● **PROVIDED DATA**:
=====
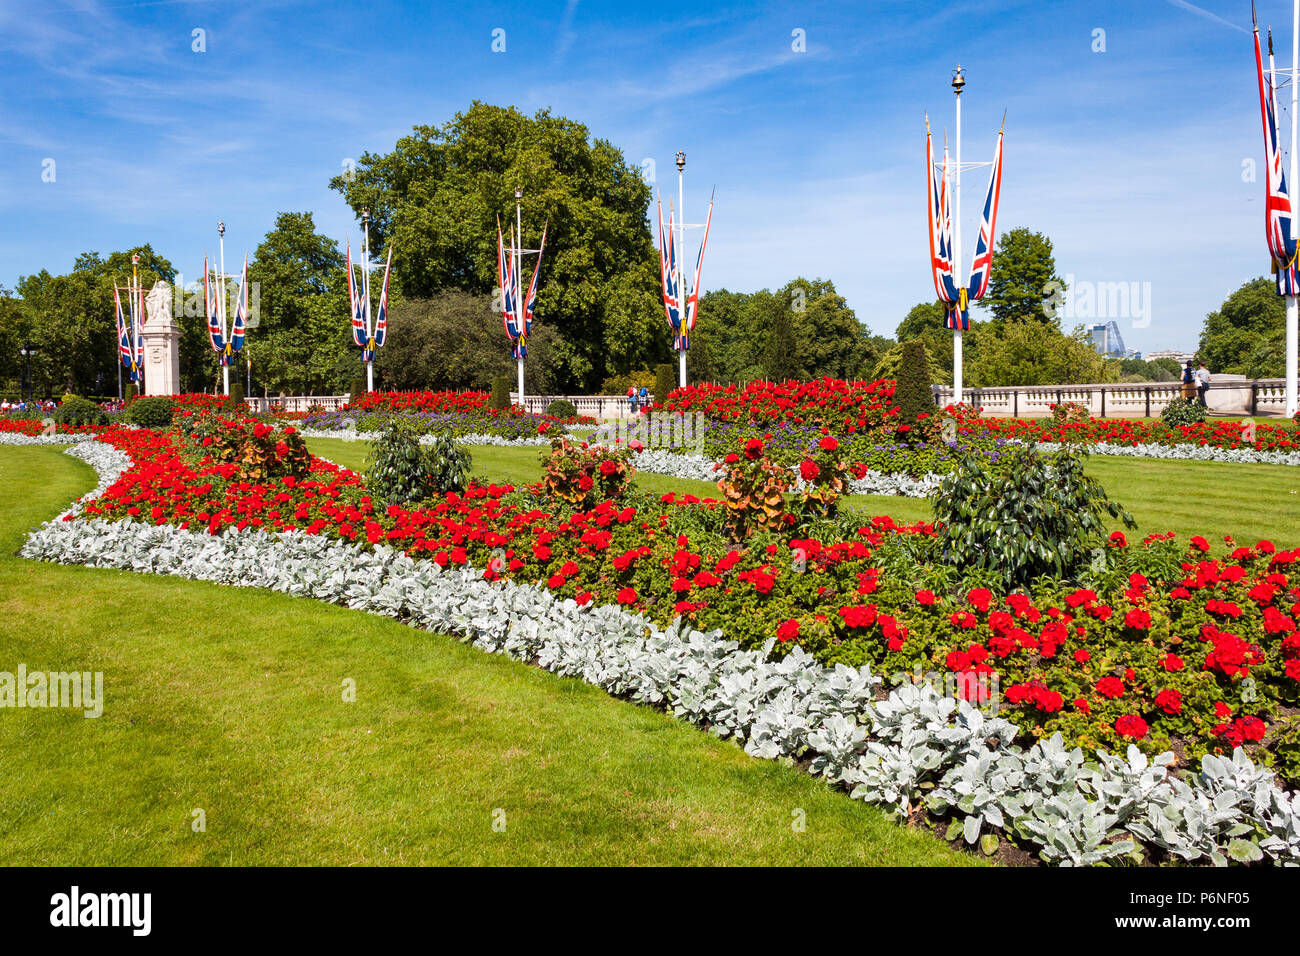 Flowerbed in in front of Buckingham Palace (London) Stock Photo
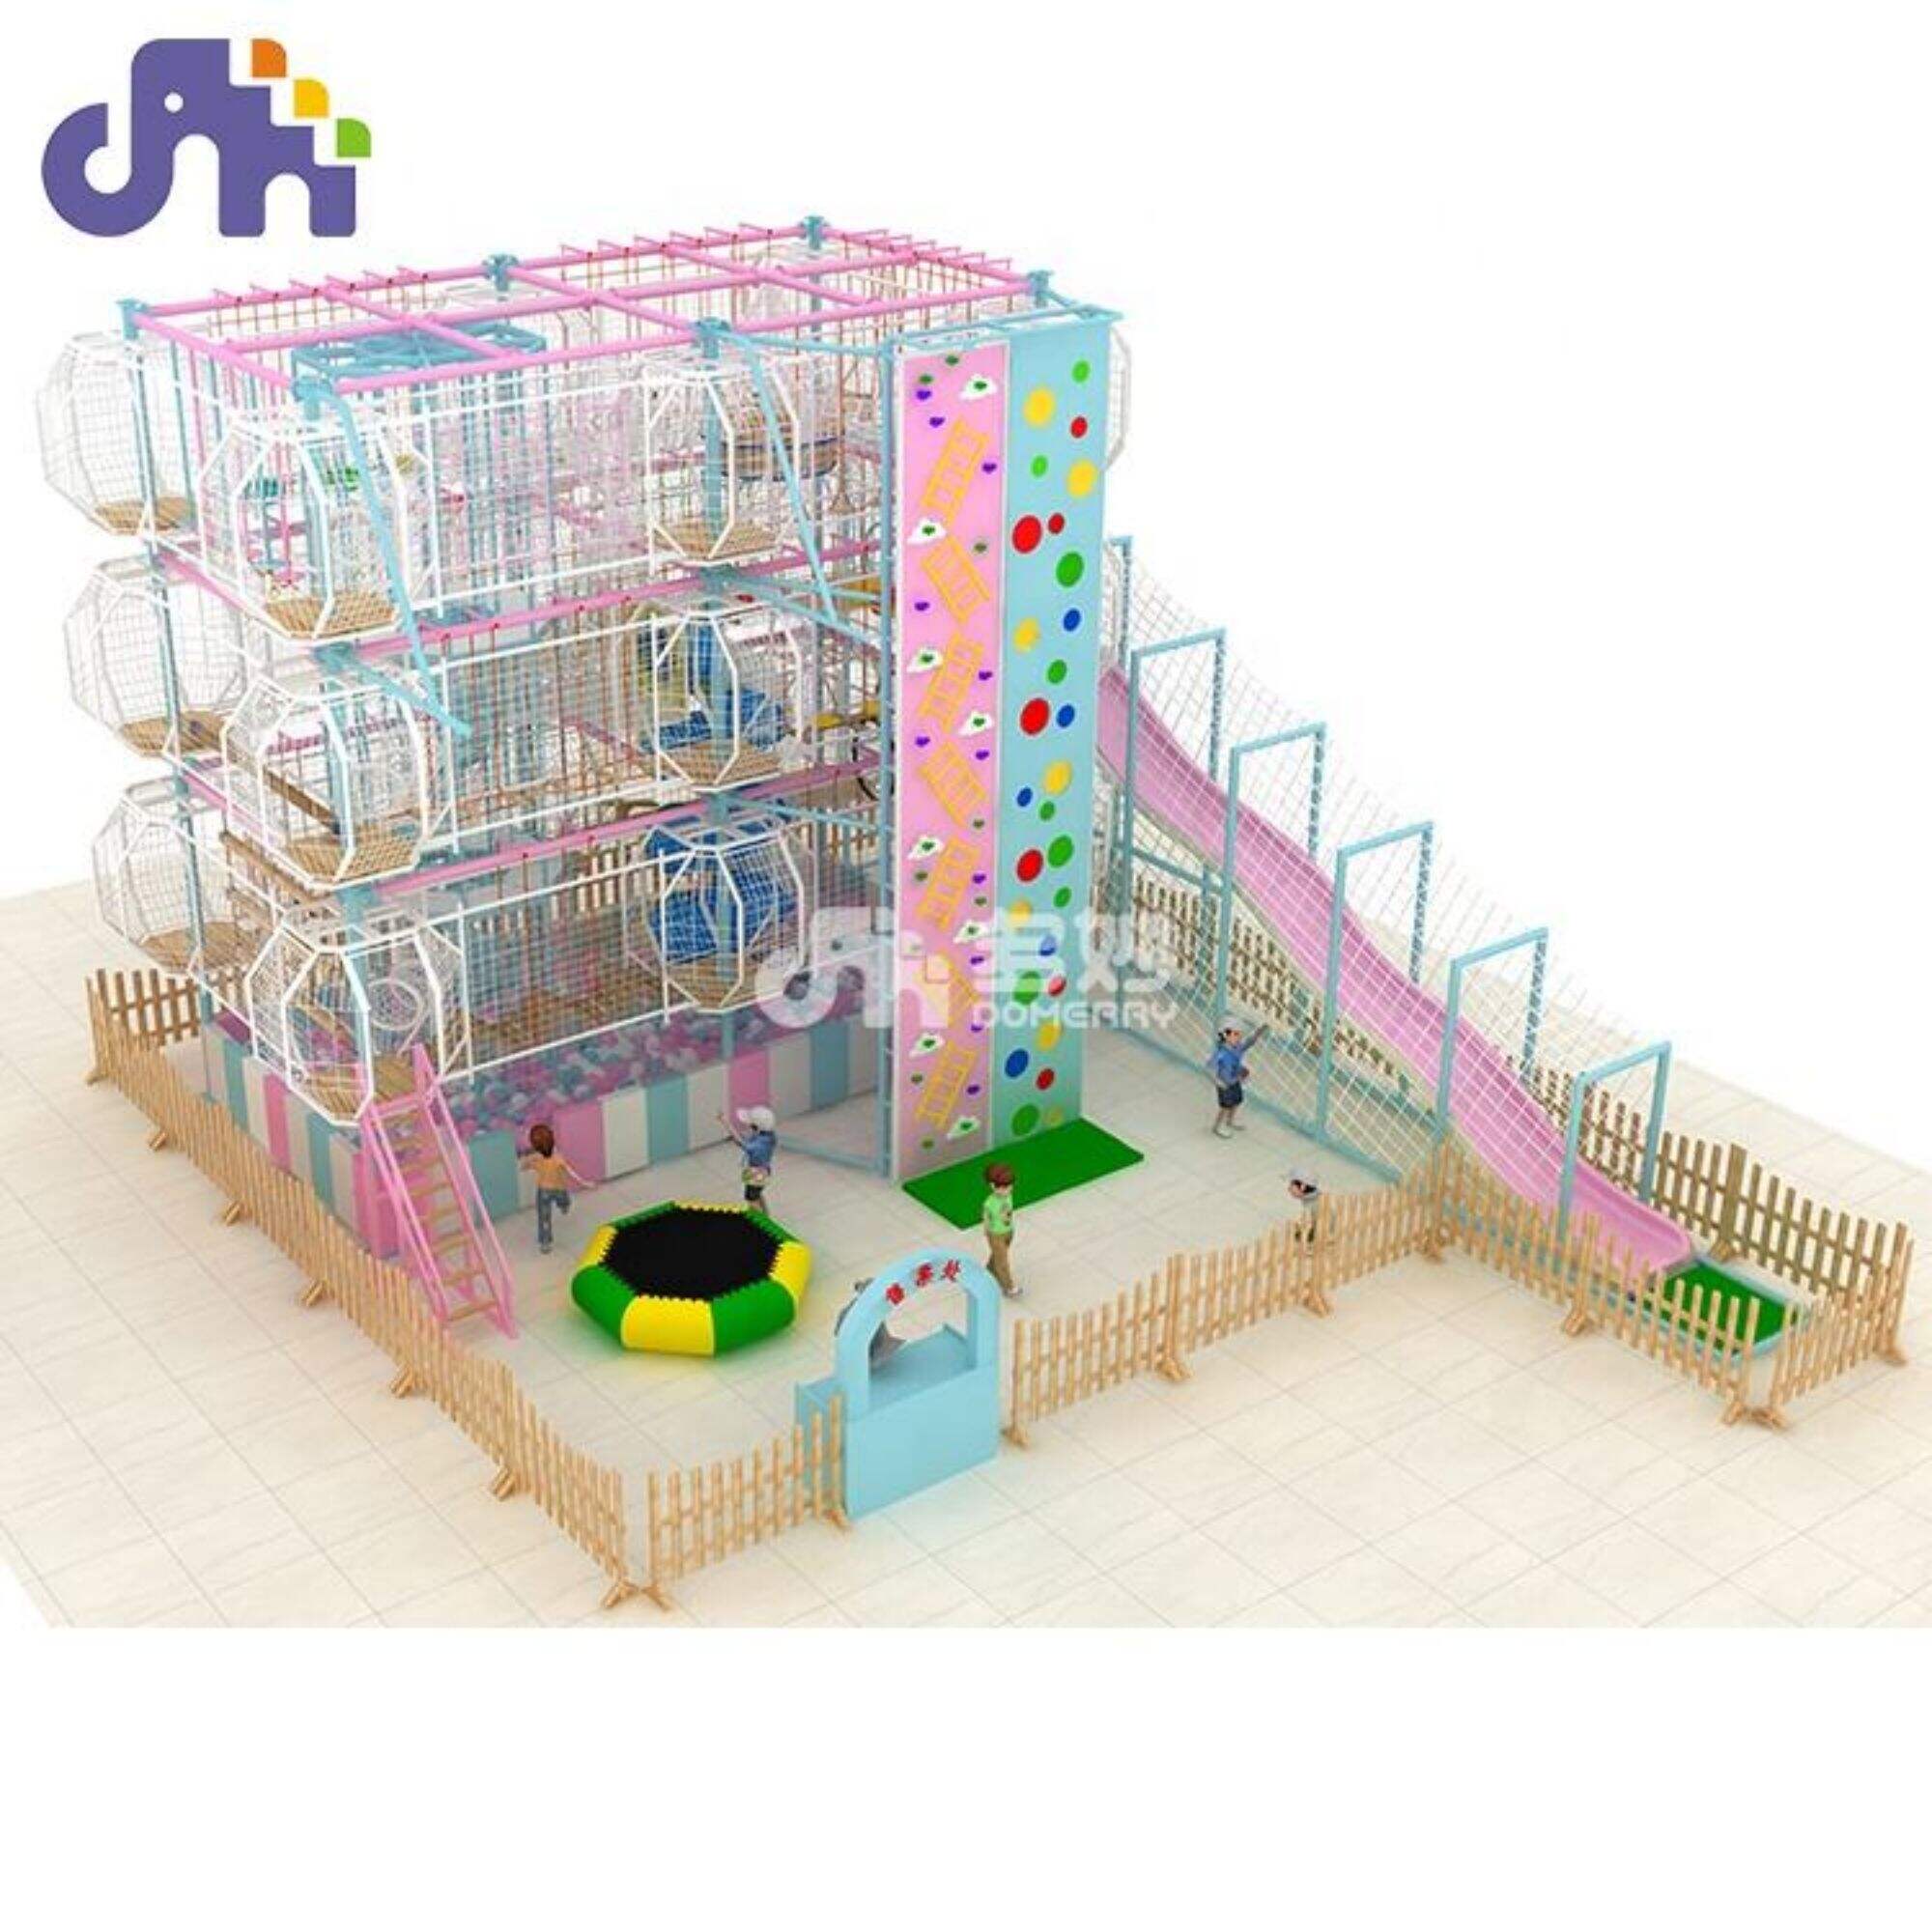 High rope course indoor outdoor play center adventure climbing net playground for kids and adult
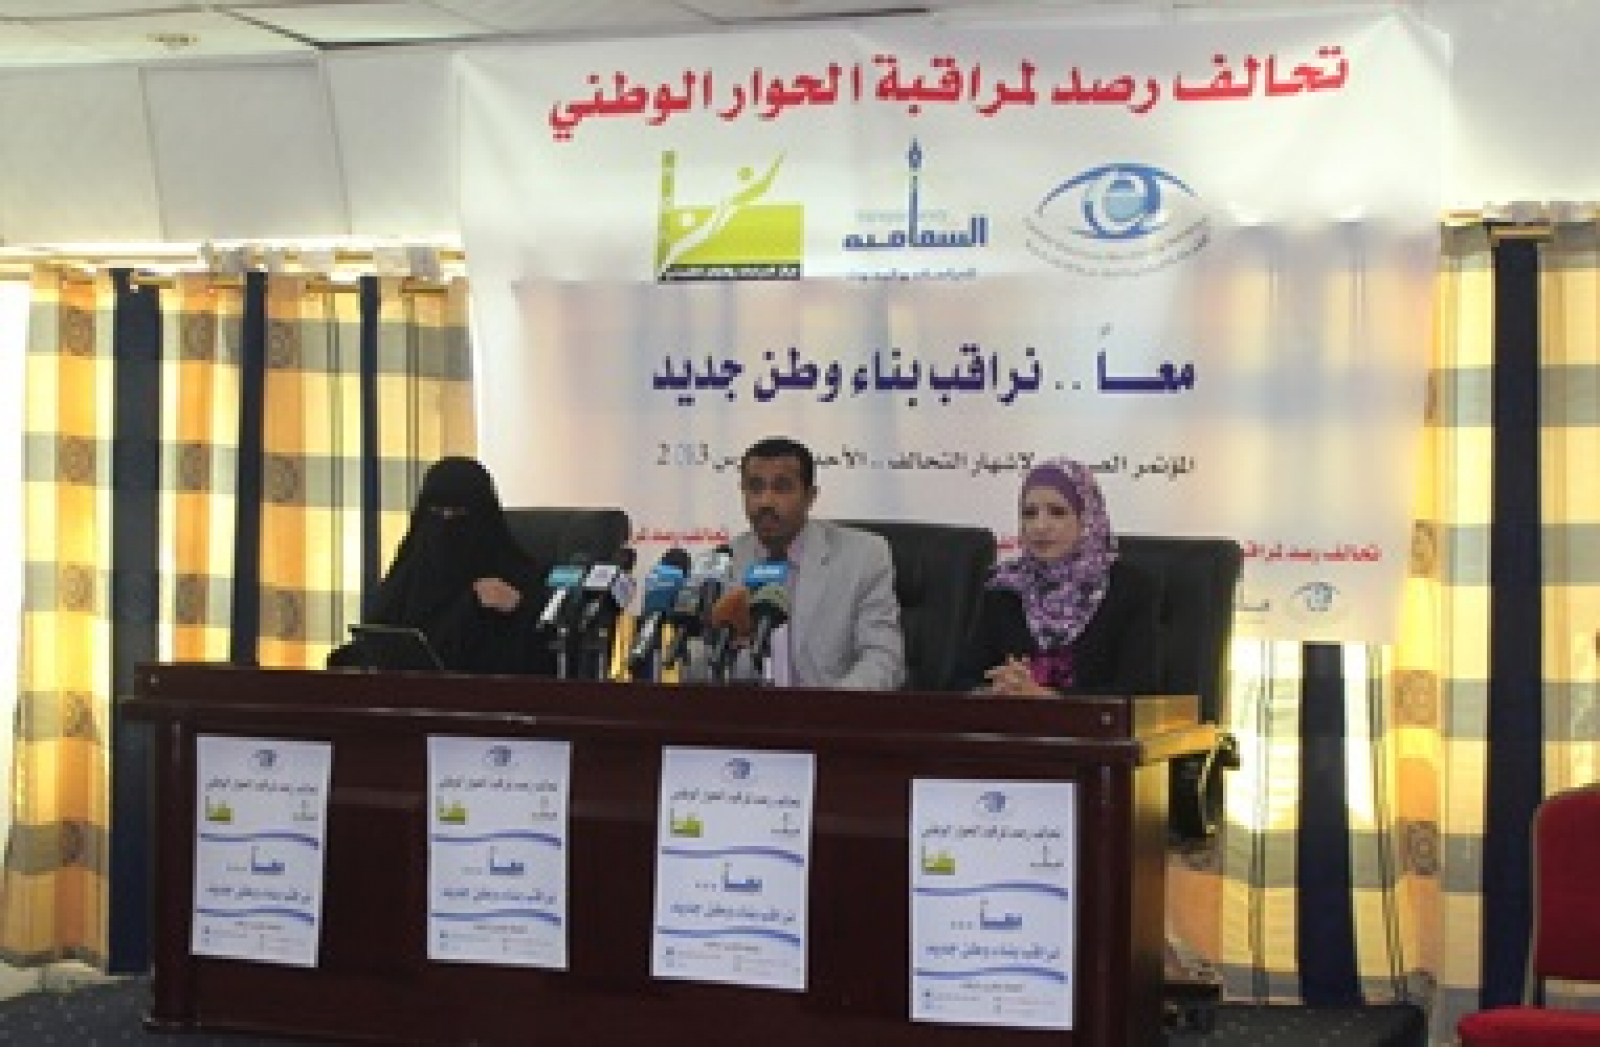 Yemeni Coalition Monitors National Dialogue to Ensure Openness, Transparency
=====
● **TASK DIRECTIONS**: Repeat the material above exactly; any picture in it is left out.

● **SOLUTION TO THE PROBLEM**:
 Flowerbed in in front of Buckingham Palace (London) Stock Photo
 High rope course indoor outdoor play center adventure climbing net playground for kids and adult
 Yemeni Coalition Monitors National Dialogue to Ensure Openness, Transparency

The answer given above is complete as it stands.